Abstract
Real-time breath gas analysis coupled to gas exchange modeling is emerging as promising strategy to enhance the information gained from breath tests. It is shown for exhaled breath carbon monoxide (eCO), a potential biomarker for oxidative stress and respiratory diseases, that a weighted, nonlinear least-squares fit of simulated to measured expirograms can be used to extract physiological parameters, such as airway and alveolar concentrations and diffusing capacities. Experimental CO exhalation profiles are acquired with high time-resolution and precision using mid-infrared tunable diode laser absorption spectroscopy and online breath sampling. A trumpet model with axial diffusion is employed to generate eCO profiles based on measured exhalation flow rates and volumes. The concept is demonstrated on two healthy non-smokers exhaling at a flow rate of 250 ml s−1 during normal breathing and at 120 ml s−1 after 10 s of breath-holding. The obtained gas exchange parameters of the two subjects are in a similar range, but clearly distinguishable. Over a series of twenty consecutive expirograms, the intra-individual variation in the alveolar parameters is less than 6%. After a 2 h exposure to 10 ± 2 ppm CO, end-tidal and alveolar CO concentrations are significantly increased (by factors of 2.7 and 4.9 for the two subjects) and the airway CO concentration is slightly higher, while the alveolar diffusing capacity is unchanged compared to before exposure. Using model simulations, it is found that a three-fold increase in maximum airway CO flux and a reduction in alveolar diffusing capacity by 60% lead to clearly distinguishable changes in the exhalation profile shape. This suggests that extended breath CO analysis has clinical relevance in assessing airway inflammation and chronic obstructive pulmonary disease. Moreover, the novel methodology contributes to the standardization of real-time breath gas analysis.
Highlights
During the past decade, the advent of novel analytical techniques has intensified the interest in real-time detection of trace species in exhaled breath as alternative to offline analysis [1, 2]

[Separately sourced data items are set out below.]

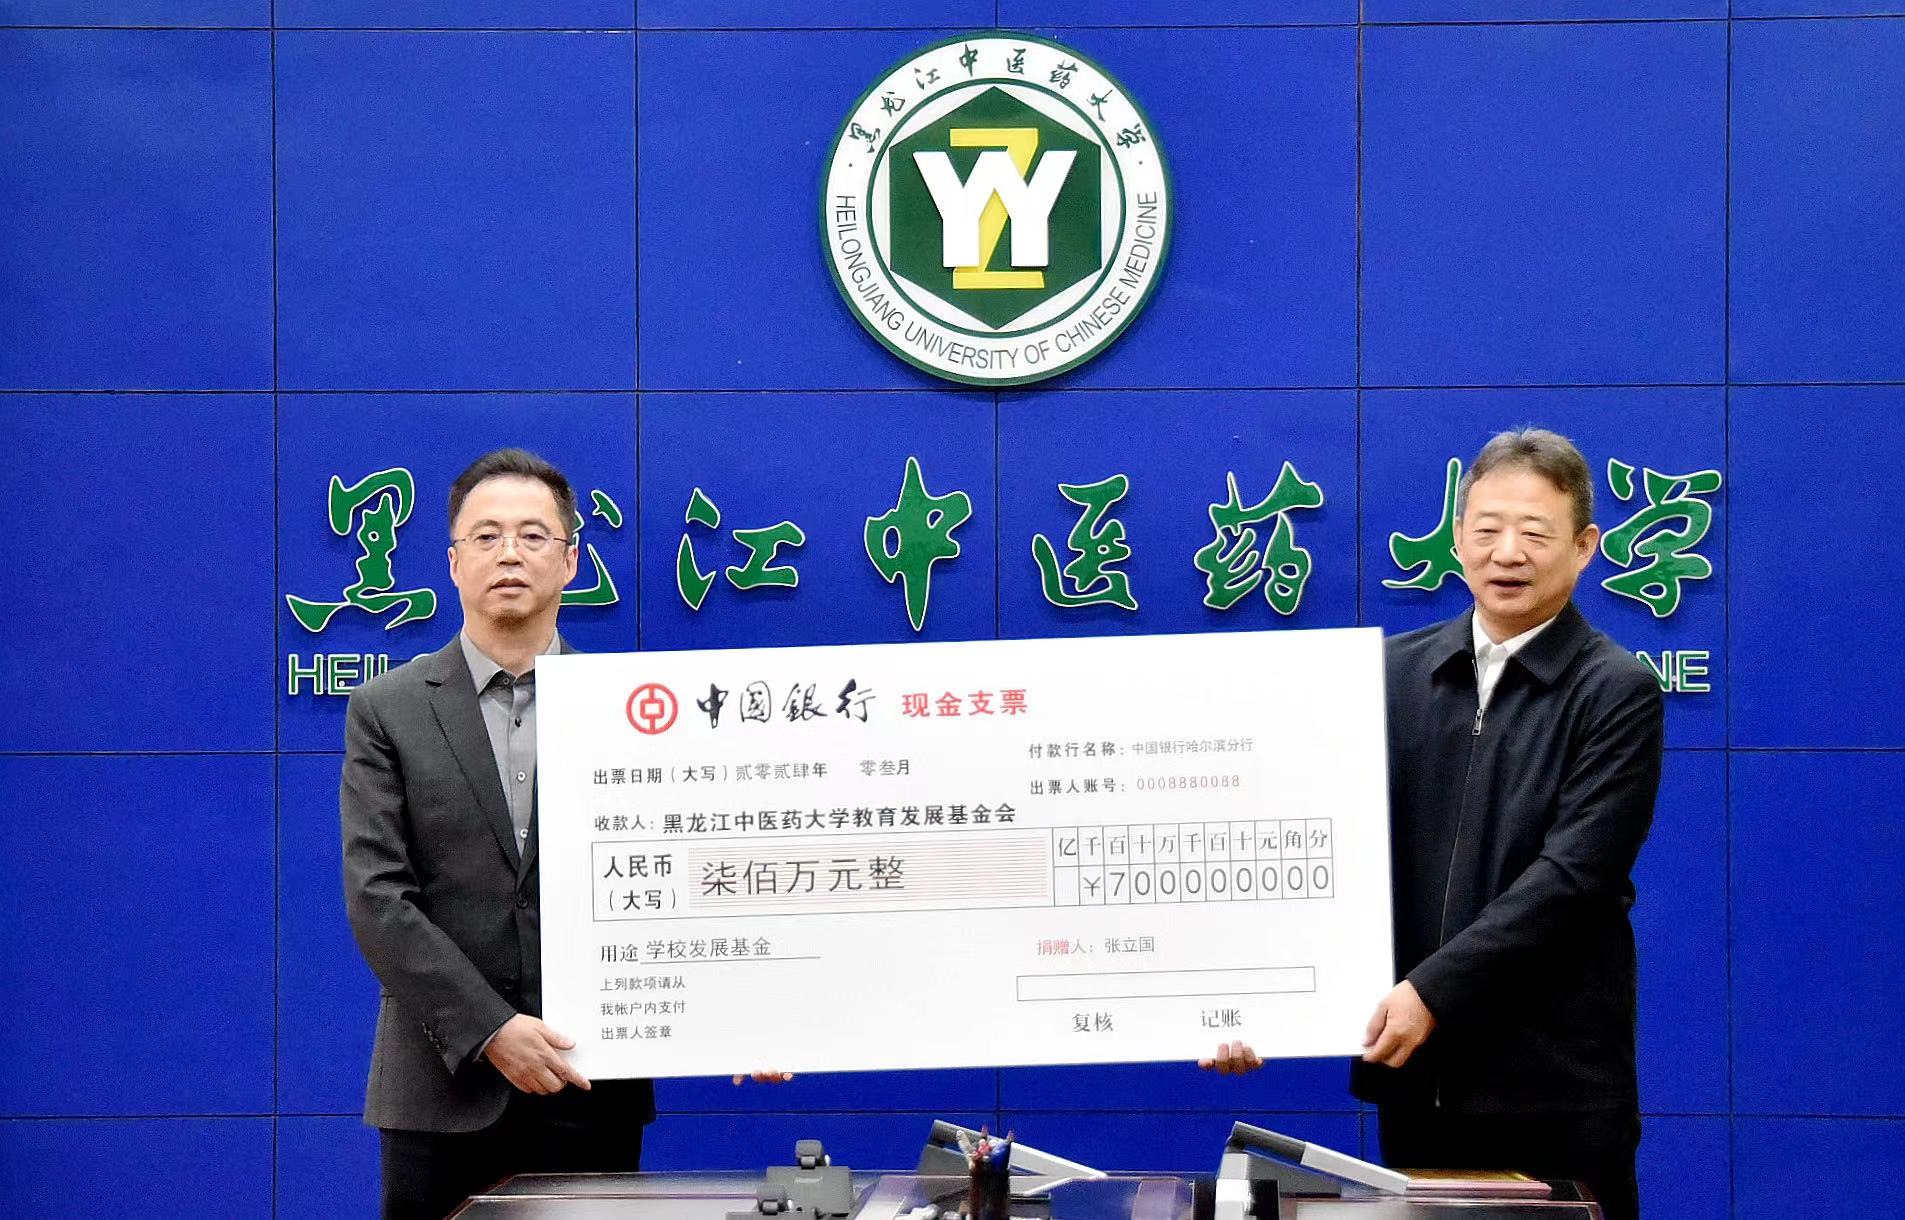 黑龍江中醫藥大學1982級校友張立國向學校捐贈發展基金700萬元
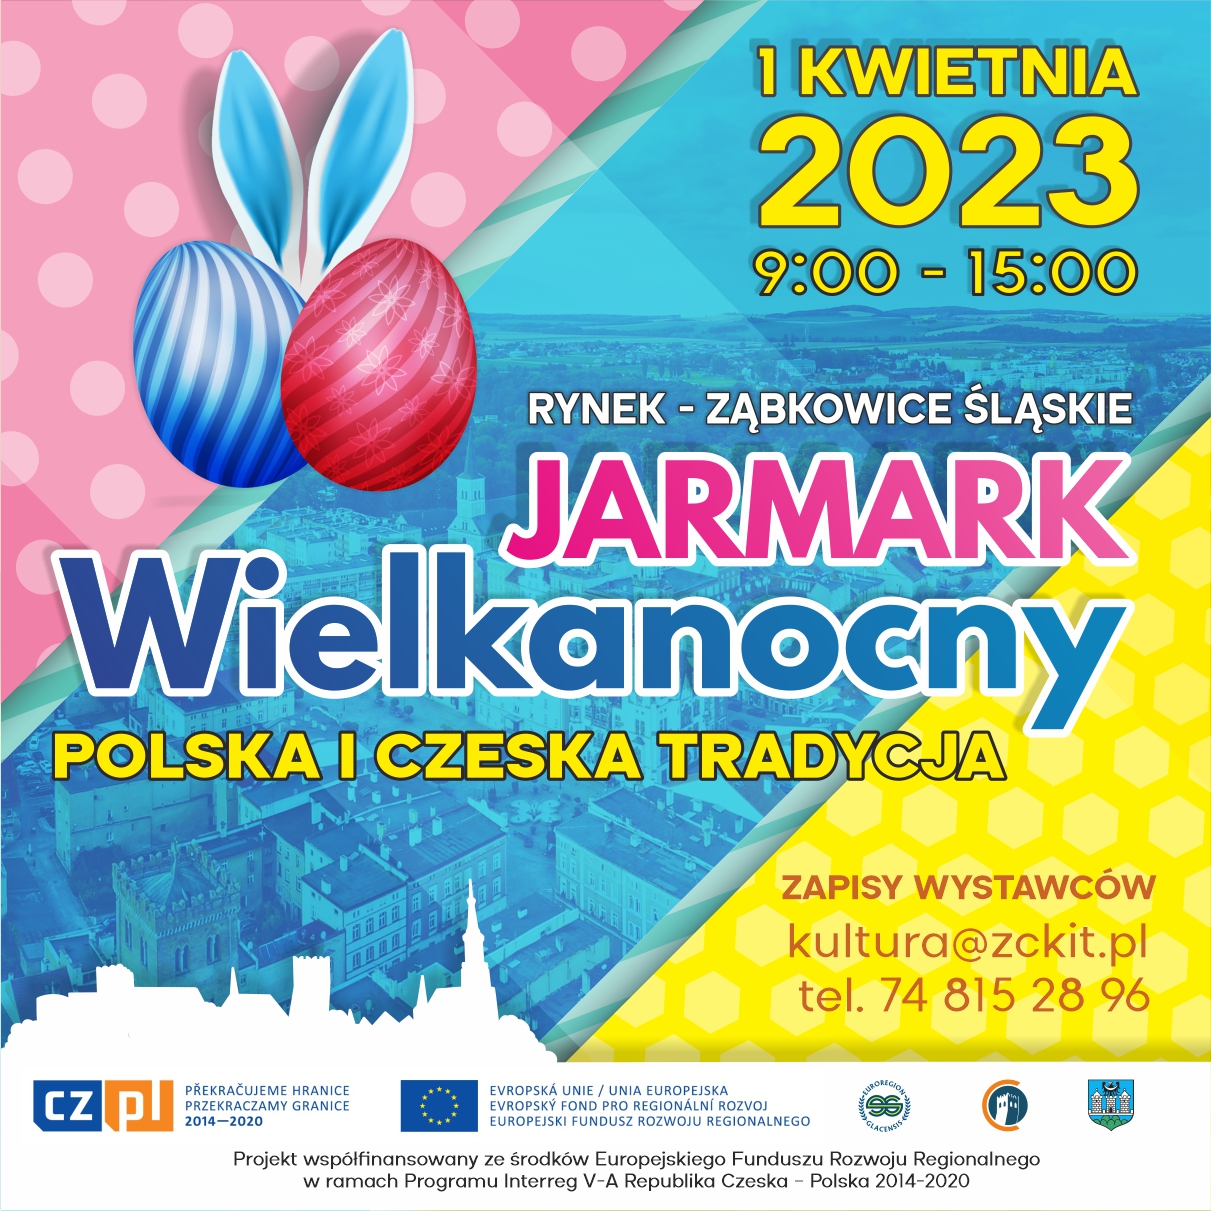 Plakat informujący o Jarmarku Wielkanocnym w Ząbkowicach Śląskich 1 kwietnia 2023 od godziny 9:00 do 15:00.
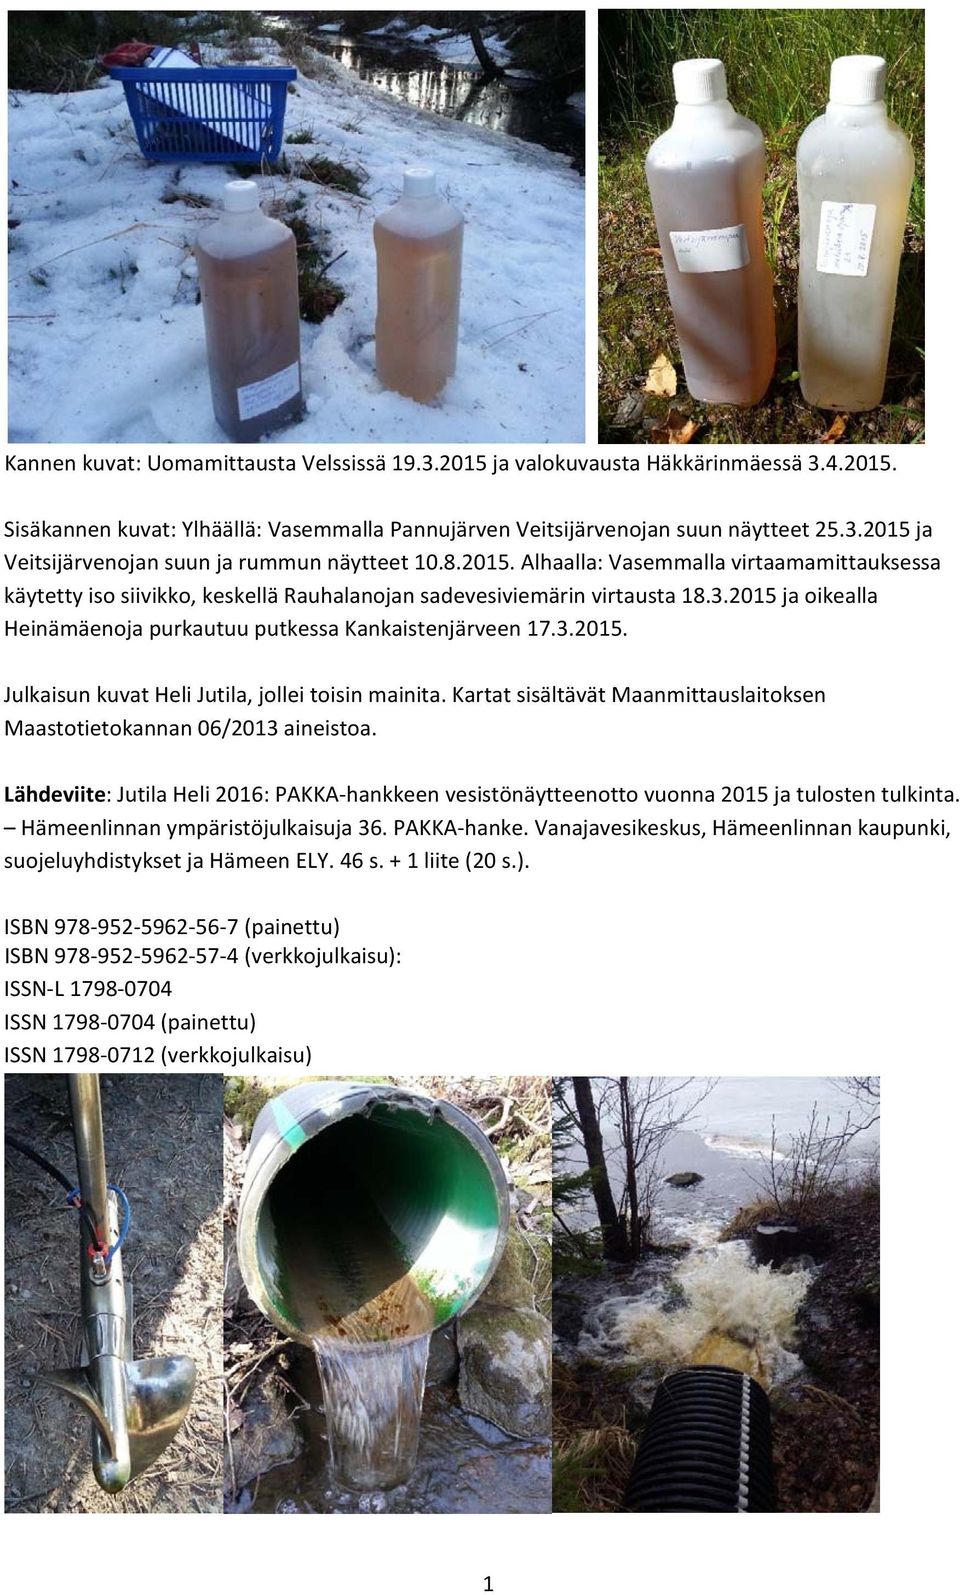 Kartat sisältävät Maanmittauslaitoksen Maastotietokannan 06/2013 aineistoa. Lähdeviite: Jutila Heli 2016: PAKKA hankkeen vesistönäytteenotto vuonna 2015 ja tulosten tulkinta.
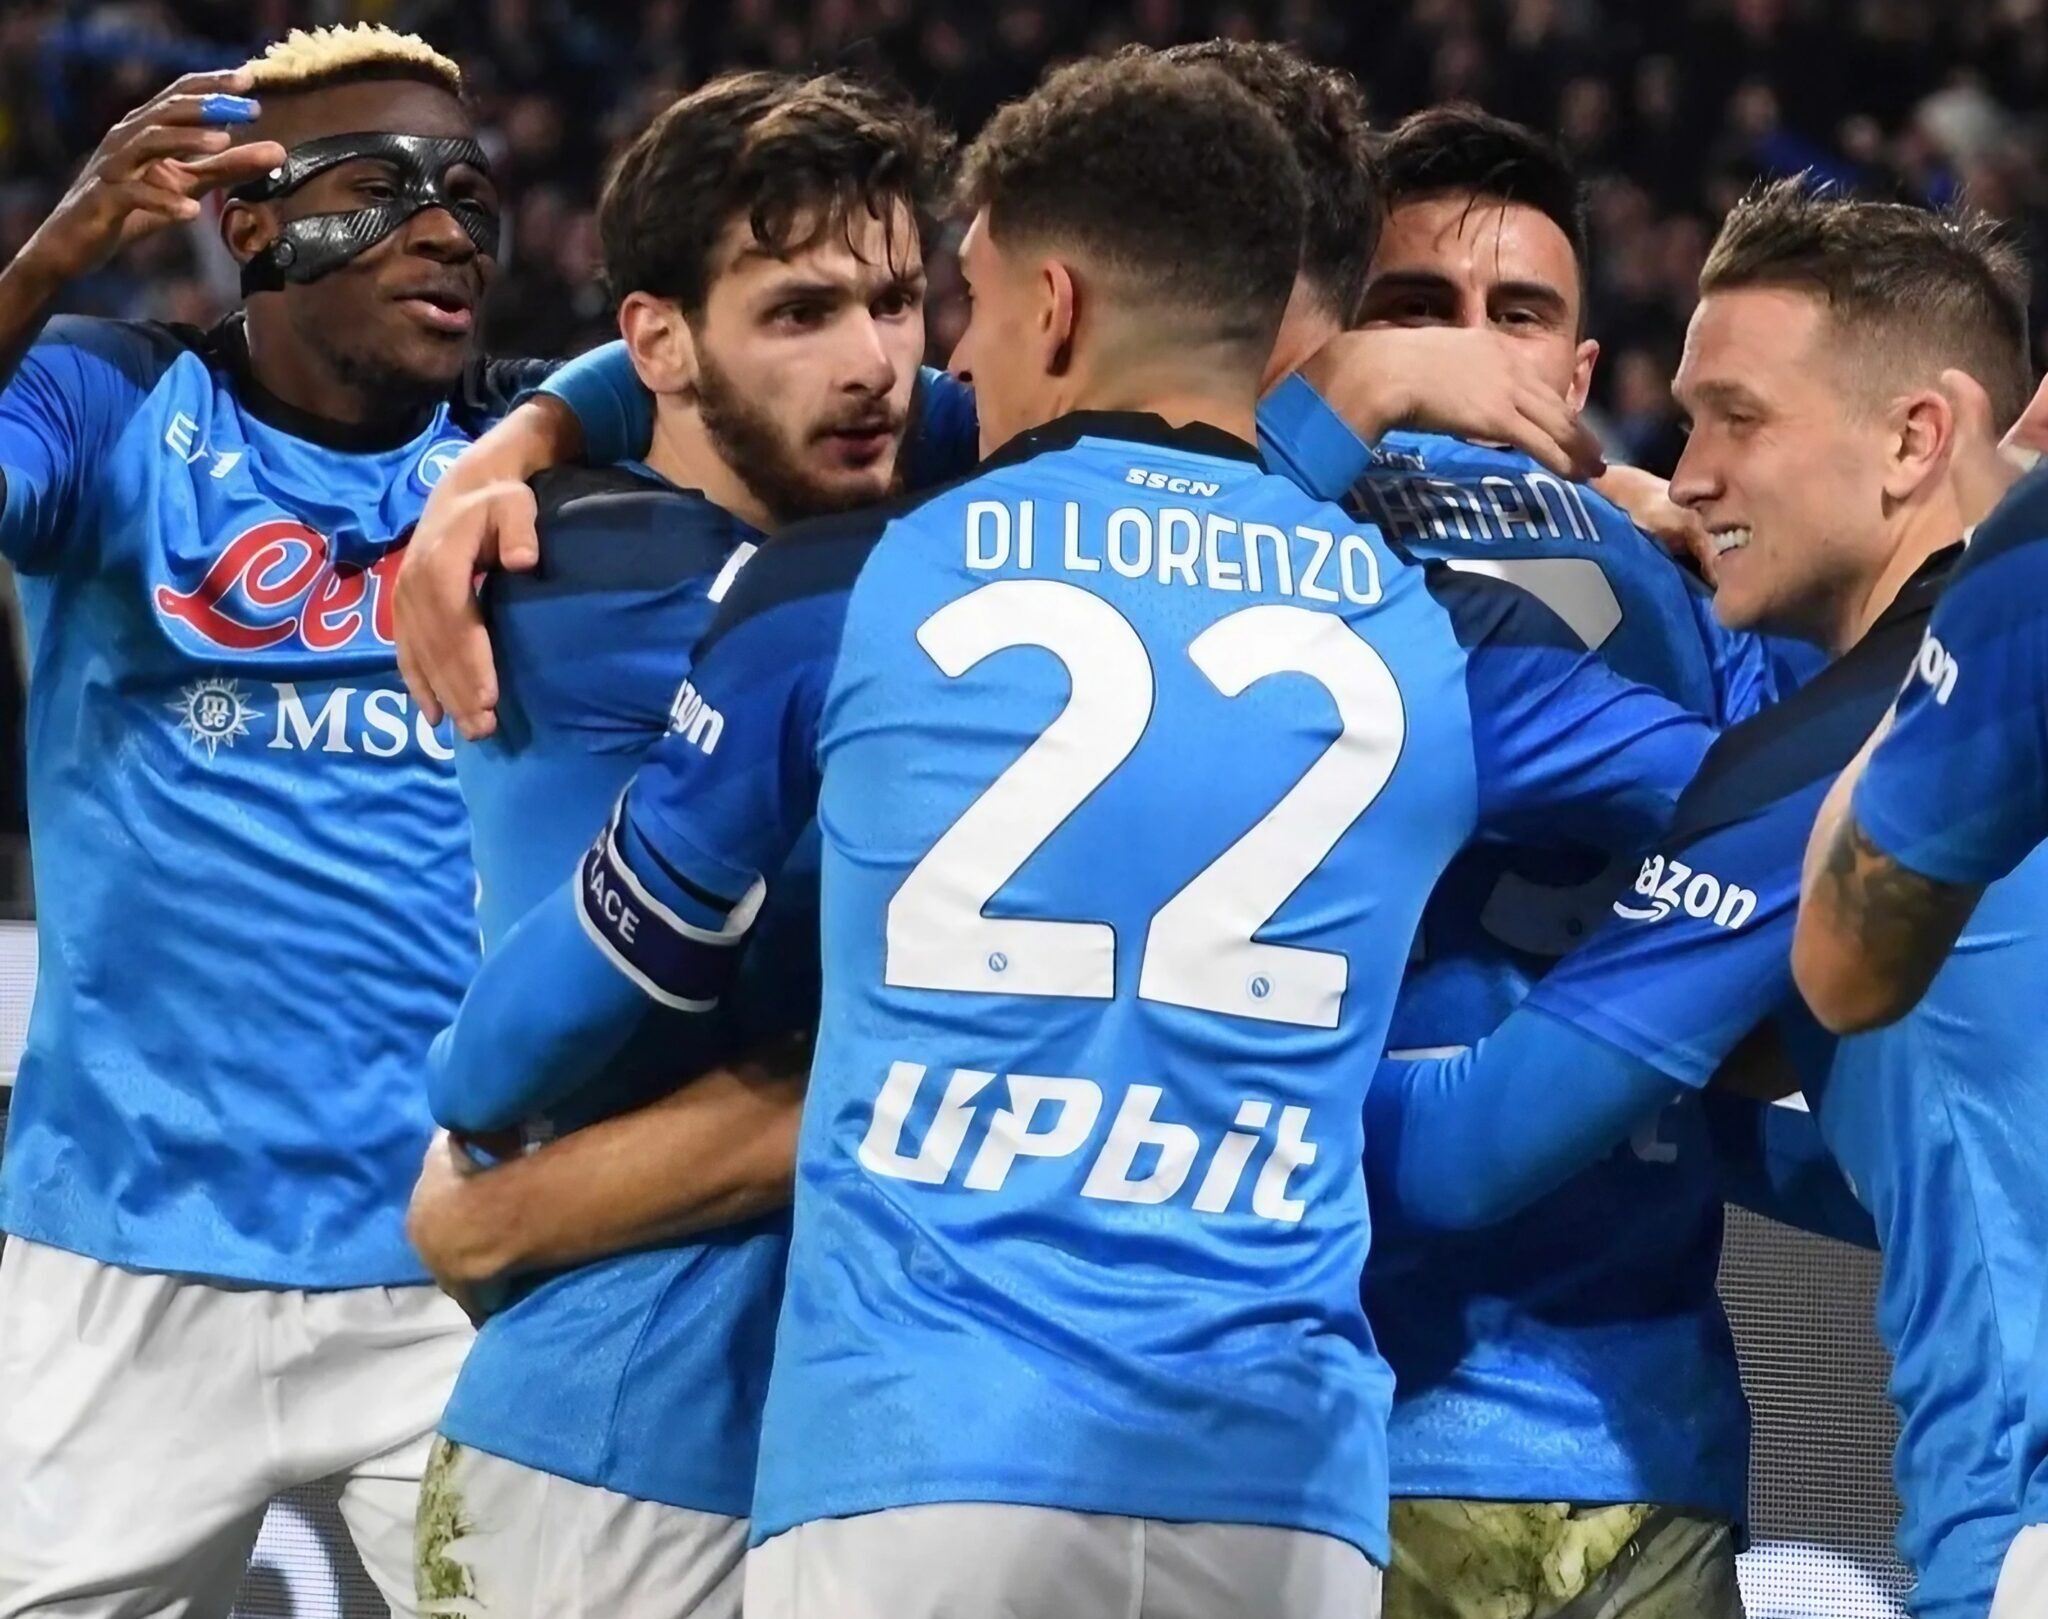 Jugadores del SSC Napoli animando tras un gol

The corresponding breath sampling data for these expirograms is shown in figure 2
Phase I represents the air from anatomical dead-space and the conducting airways, phase III represents the air from the alveoli, and phase II denotes the transition between phases I and III
Summary
The advent of novel analytical techniques has intensified the interest in real-time detection of trace species in exhaled breath as alternative to offline analysis [1, 2]. In the context of this work, real-time breath gas analysis refers to controlled online breath sampling and subsequent quantitative biomarker detection with sufficient measurement time-resolution (usually sub-second) and precision to accurately resolve individual breath cycles. An additional benefit of breathcycle-resolved detection is that single-exhalation profiles contain spatiotemporal information about the gas exchange in the respiratory tract. The shape of an exhalation profile primarily depends on the locations of biomarker production and exchange in the respiratory tract (alveoli, airways, oral/nasal cavities), and the breath sampling Coupled to suitable mathematical models of gas exchange [3], this enables biomarker source discrimination and non-invasive determination of physiological parameters, which can lead to improved data interpretation, a better understanding of the origin and biochemical pathways of biomarkers and, eventually, to novel breath tests.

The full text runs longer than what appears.